From: Dmitry Torokhov on
On Tue, May 11, 2010 at 11:48:36PM +0200, Johannes Weiner wrote:
> On Tue, May 11, 2010 at 04:54:41PM -0400, Mike Frysinger wrote:
> > does the phrase "DMA safe buffer" imply cache alignment ?
>
> I guess that depends on the architectural requirements. On x86,
> apparently, not so much. On ARM, probably yes, as it's the
> requirement to properly maintain coherency.

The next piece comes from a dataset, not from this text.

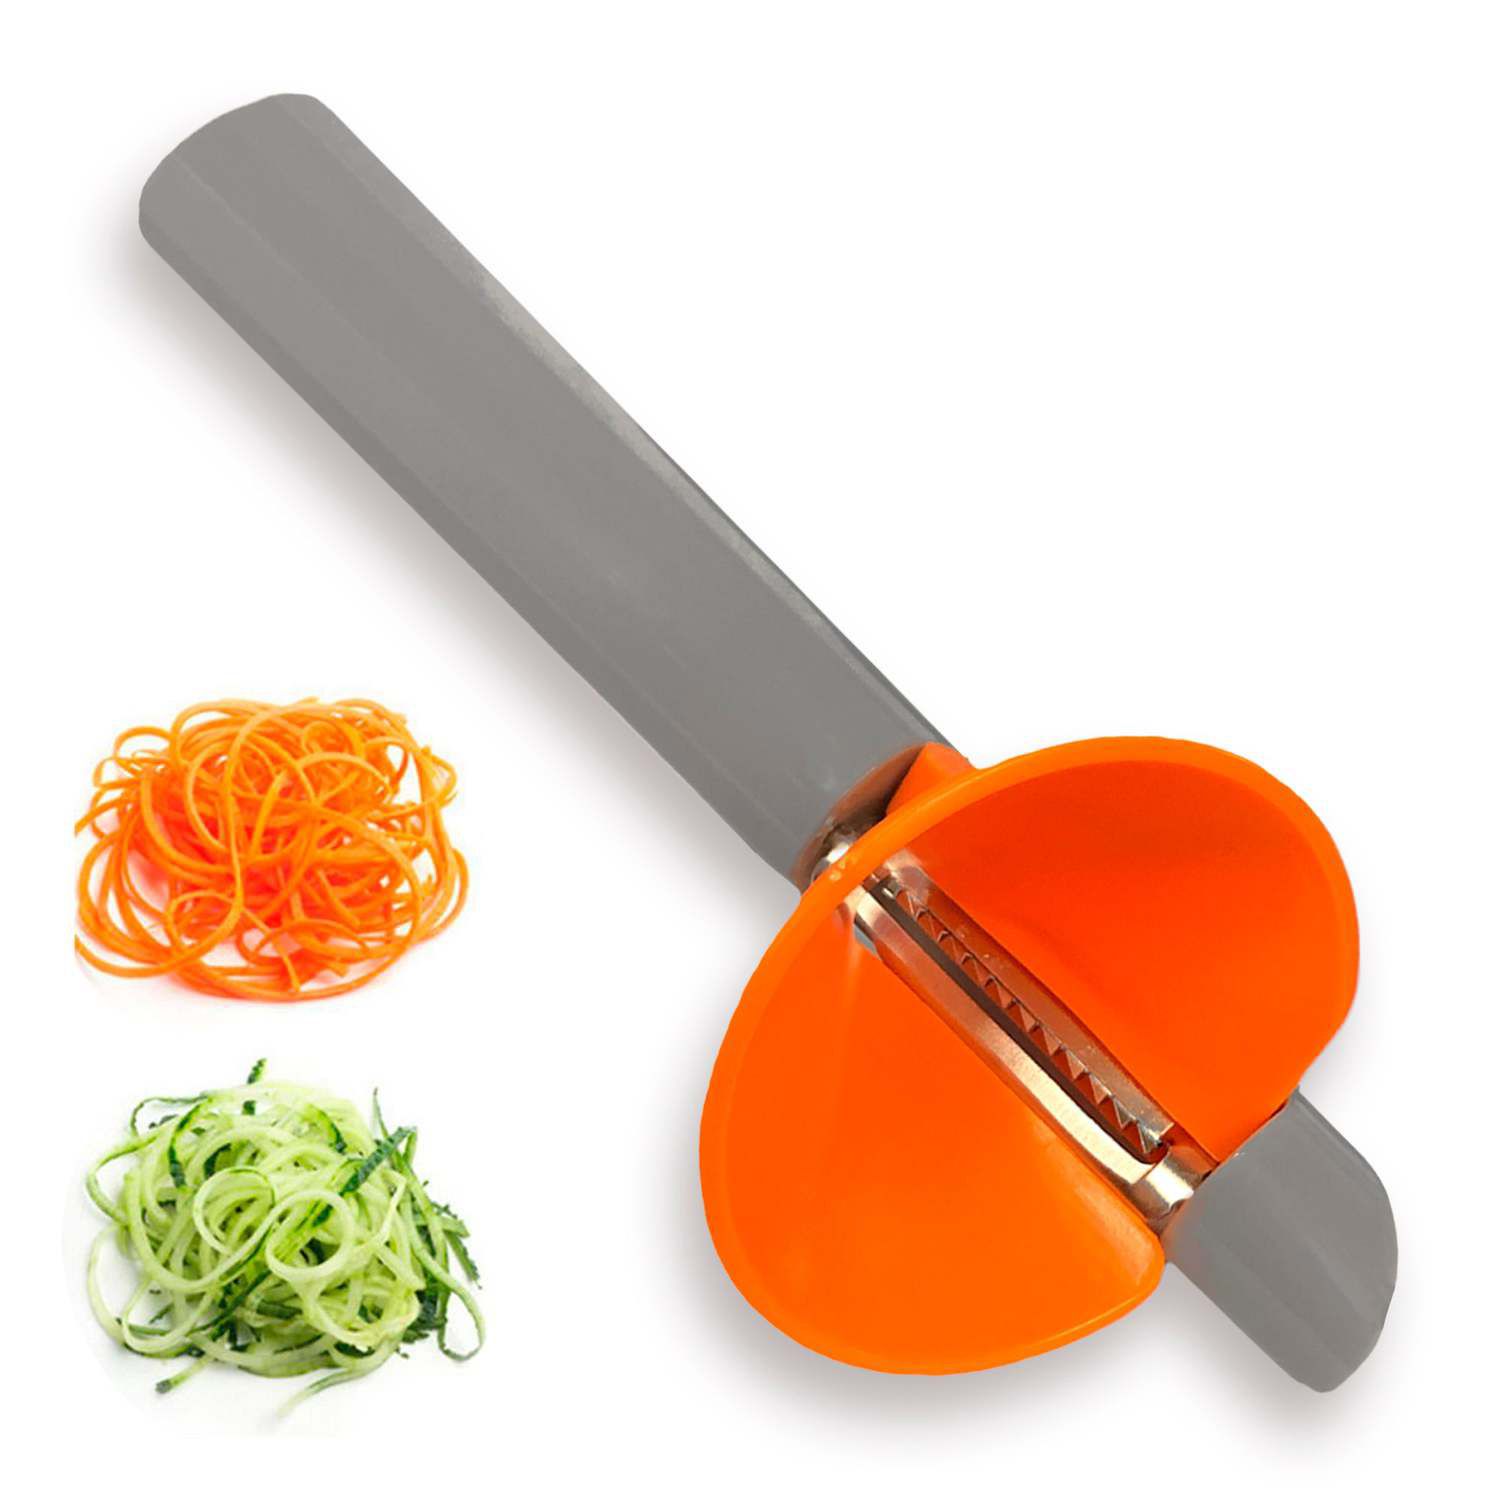 Kitchen Gadgets Set 5 Pieces, Space Saving Cooking Tools Cheese Grater, Bottle Opener, Fruit/Vegetable Peeler, Pizza Cutter, Garlic/Ginger Grinder, St

It looks liek ARM (and a few others) do this:

[dtor(a)hammer work]$ grep -r ARCH_KMALLOC_MINALIGN arch/
arch/sh/include/asm/page.h:#define ARCH_KMALLOC_MINALIGN L1_CACHE_BYTES
arch/frv/include/asm/mem-layout.h:#define ARCH_KMALLOC_MINALIGN 8
arch/powerpc/include/asm/page_32.h:#define ARCH_KMALLOC_MINALIGN L1_CACHE_BYTES
arch/arm/include/asm/cache.h:#define ARCH_KMALLOC_MINALIGN L1_CACHE_BYTES
arch/microblaze/include/asm/page.h:#define ARCH_KMALLOC_MINALIGN L1_CACHE_BYTES
arch/mips/include/asm/mach-tx49xx/kmalloc.h: * All happy, no need to define ARCH_KMALLOC_MINALIGN
arch/mips/include/asm/mach-ip27/kmalloc.h: * All happy, no need to define ARCH_KMALLOC_MINALIGN
arch/mips/include/asm/mach-ip32/kmalloc.h:#define ARCH_KMALLOC_MINALIGN 32
arch/mips/include/asm/mach-ip32/kmalloc.h:#define ARCH_KMALLOC_MINALIGN 128
arch/mips/include/asm/mach-generic/kmalloc.h:#define ARCH_KMALLOC_MINALIGN 128
arch/avr32/include/asm/cache.h:#define ARCH_KMALLOC_MINALIGN L1_CACHE_BYTES

--
Dmitry
--
To unsubscribe from this list: send the line "unsubscribe linux-kernel" in
the body of a message to majordomo(a)vger.kernel.org
More majordomo info at http://vger.kernel.org/majordomo-info.html
Please read the FAQ at http://www.tux.org/lkml/
From: Alan Cox on
> SPI transfer into a DMA safe buffer. what is the exact API to
> dynamically allocate memory for the structure with this buffer
> embedded in it such that the start of the structure is cached aligned
> ? creating a dedicated kmem cache may work, but it isnt a scalable
> solution if every SPI driver needs to create its own cache.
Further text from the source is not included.